Racket indeed. The most experienced doctors are at the most well-known public hospitals. Places like United do bring in experts from Peking Union.

Most wealthy Chinese DON'T go to these places...

I went to the so-called International Clinic at the Lufthansa Center this winter because I was seriously ill and got seriously ripped off.
Quick hightlights:
* Charged for a "private room" (two days in a row) so I could have an IV; two full day charges and was there two hours each day.
* Charged for a doctor's consultation the second day (Sunday) when the doctor was not not even in the building (when questioned the staff said he instructed them to do this the day before). I already paid the previous day for the time I actually laid eyes on him.
* Charged admission fee and administration fee (but staff could not explain what they were or how they were different)
* Charged serious money for medicine, including inflated OTC stuff.
* Etc, etc.

Cost me more than $2,000 for four hours. I hear they may start charging by each breath you take while on their premises.

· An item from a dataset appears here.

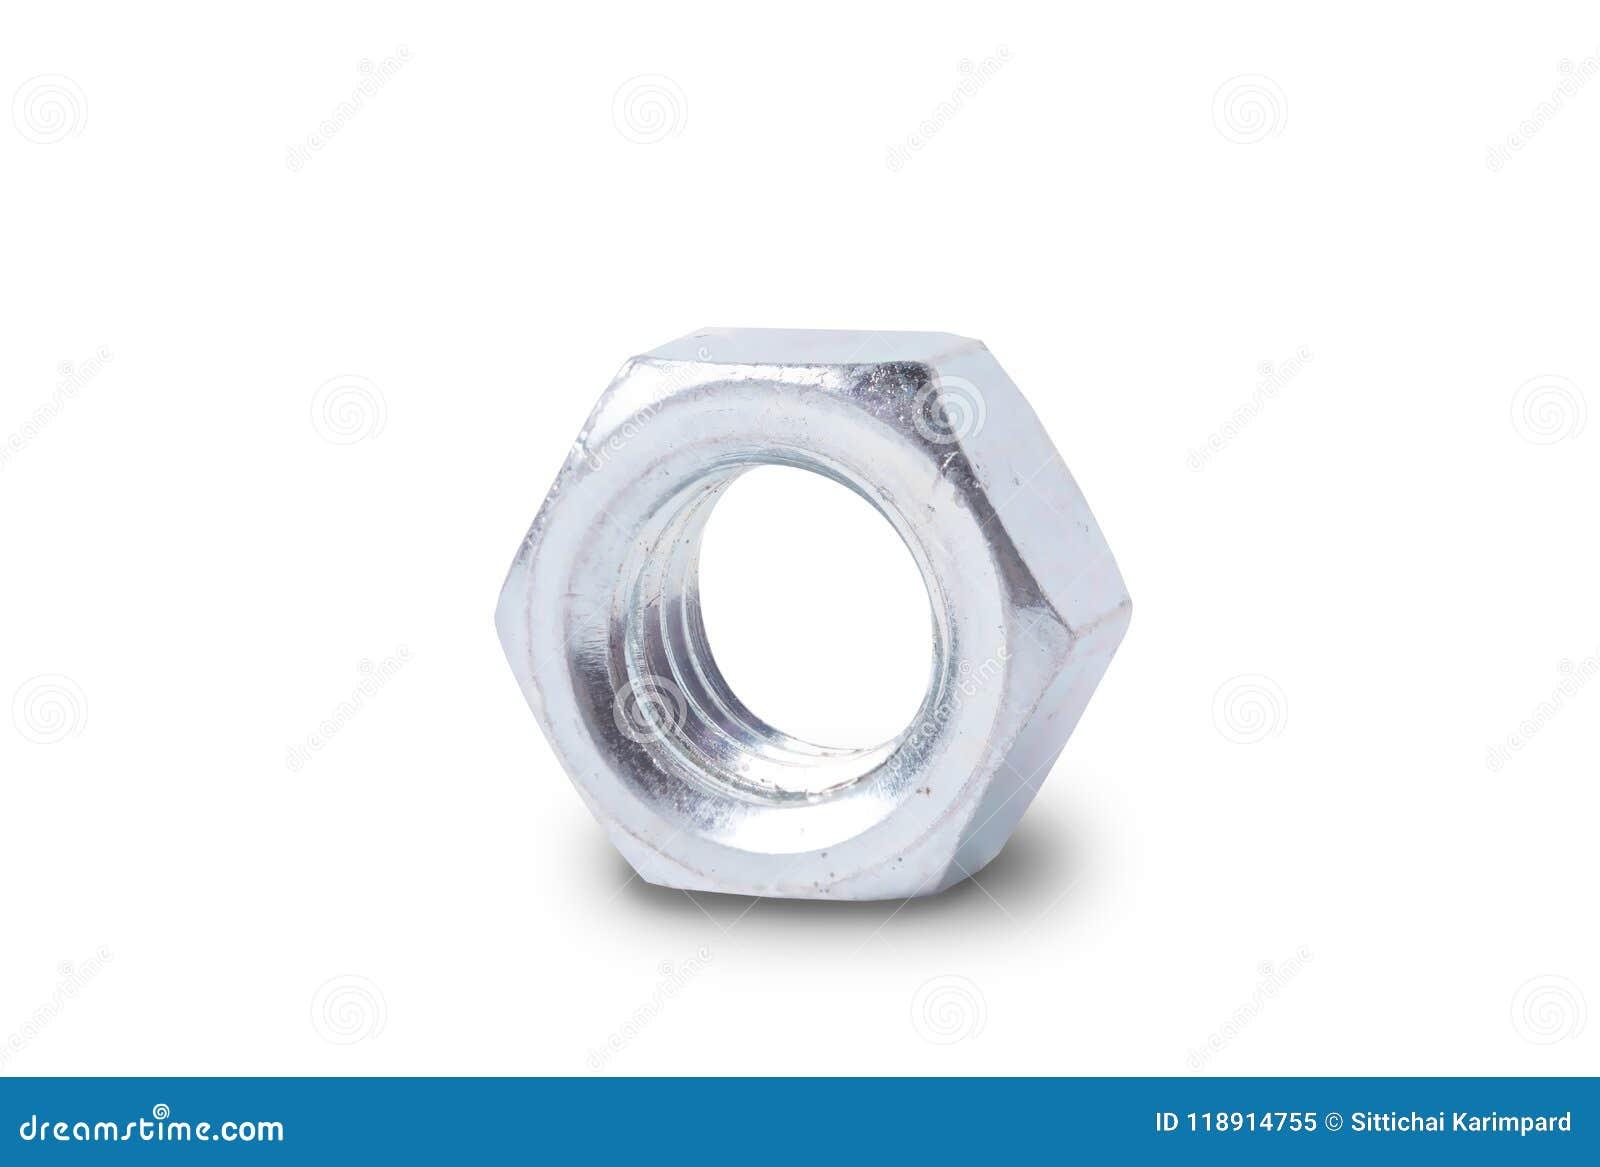 螺栓和螺母

Sorry for the multiple posts but I forgot:
* Was charged 1,500 RMB on top of the private room charge to stick the IV needle in my hand. And the (Chinese) nurse did it with all the elan of a Shanxi coal miner.

Got to feeling better and made it to China-Japan Friendship Hospital's international wing. Got better care at about 20 percent the cost (ya, really, 20 percent).

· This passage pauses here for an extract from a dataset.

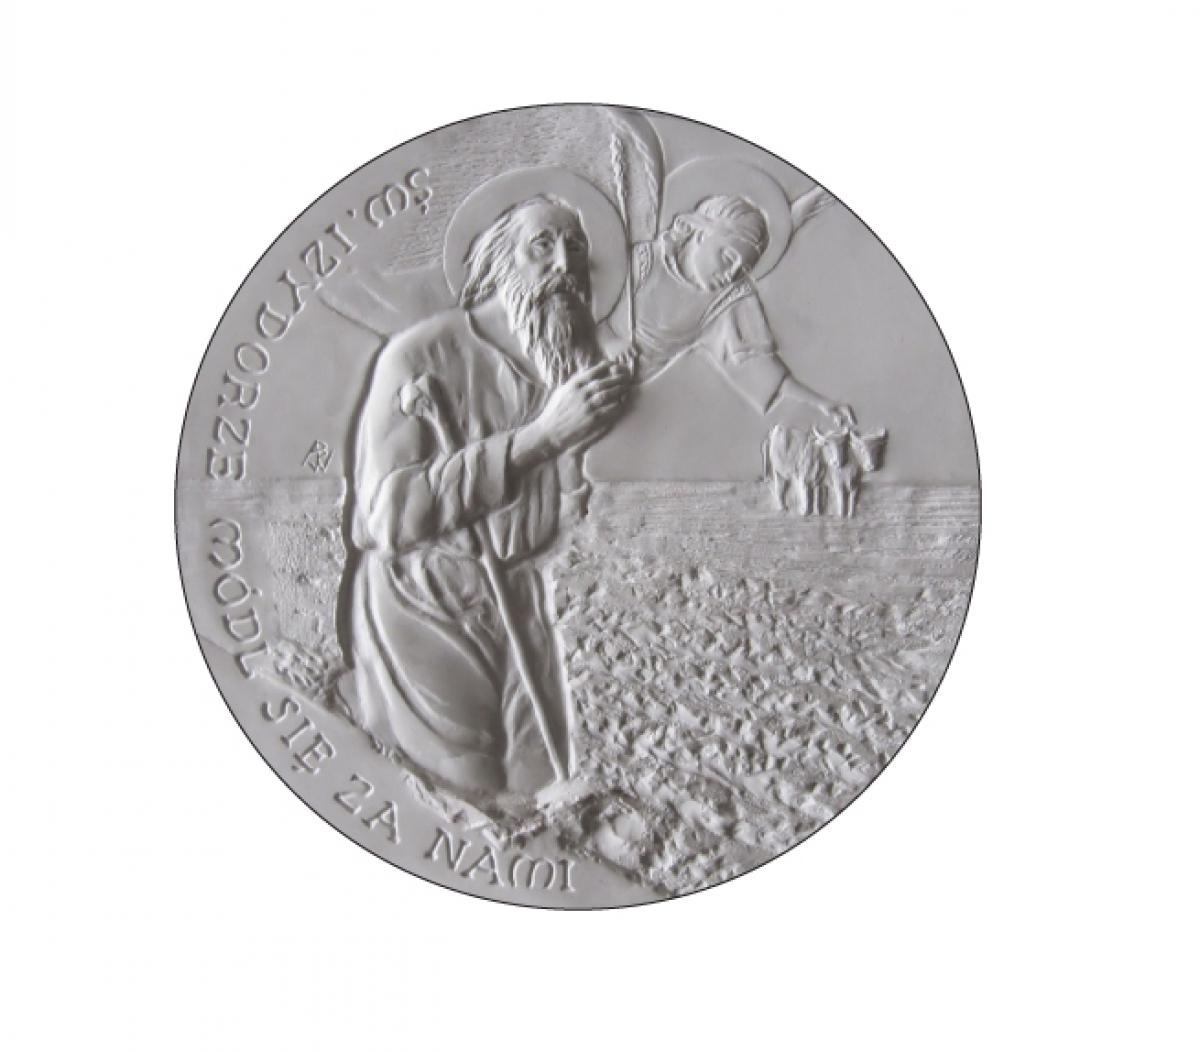 Anna Wątróbska-Wdowiarska, Św. Izydorze módl się za nami (awers), tombak srebrzony, oksydowany, 7 cm, 2017

The '3,000% a year' figure seems to have been plucked out of air - not that I disagree that private health might be unreasonably costly in China...

Health care in China is generally costly, and the whole system is riddled with profiteering and corruption.

Luckily, my only experience was in the hospital in Sanlitun, late at night a few years ago. My girlfriend had been hit by a car (was alright though)... They didn't have any toilet paper in the hospital. When I asked at the front desk they said I had to go out to buy it myself, and denied having any sort of absorbant paper fit for the job - which was obviously very hard to believe...

When I had got back from the nearest xiaomaibu, I had to take my girlfriend to the toilet carrying her in one hand, while holding up the stupid IV drip she had been given - no doubt because the hospital got kickbacks from the drug company for doing so... - in the other, taking care to hold it high enough, while some stupid nurse gawped at us and didn't offer any help whatsoever (I didn't ask because I wanted to see whether she would volunteer...). My girlfriend had some sort of scan which cost about 500 rmb, and the total bill came to around 1,300 rmb I seem to remember. She even ended up going to another hospital a few days later for another scan because apparently the one in sanlitun wasn't that good.

The huge "Serve the People" sign outside the hospital seemed hugely ironic after the whole experience.

Why doesn't the journalist investigate the practice of Parkway Health, the Singaporean private health care provider or other companies which may be owned by Singaporeans/ Taiwanese? or by Americans? or Canadians?
Definitely these companies are making $$$ fleecing the ignorant Chinese in China.
Who own those private health care providers in China? Taiwanese? Singaporeans? The Chinese government and law should investigate into these companies and prosecute them! The govt prosecute non-health industry people for their shady activities!
No wonder Singapore and Taiwan have enviable health care ...they are all depending upon their huge earnings from China!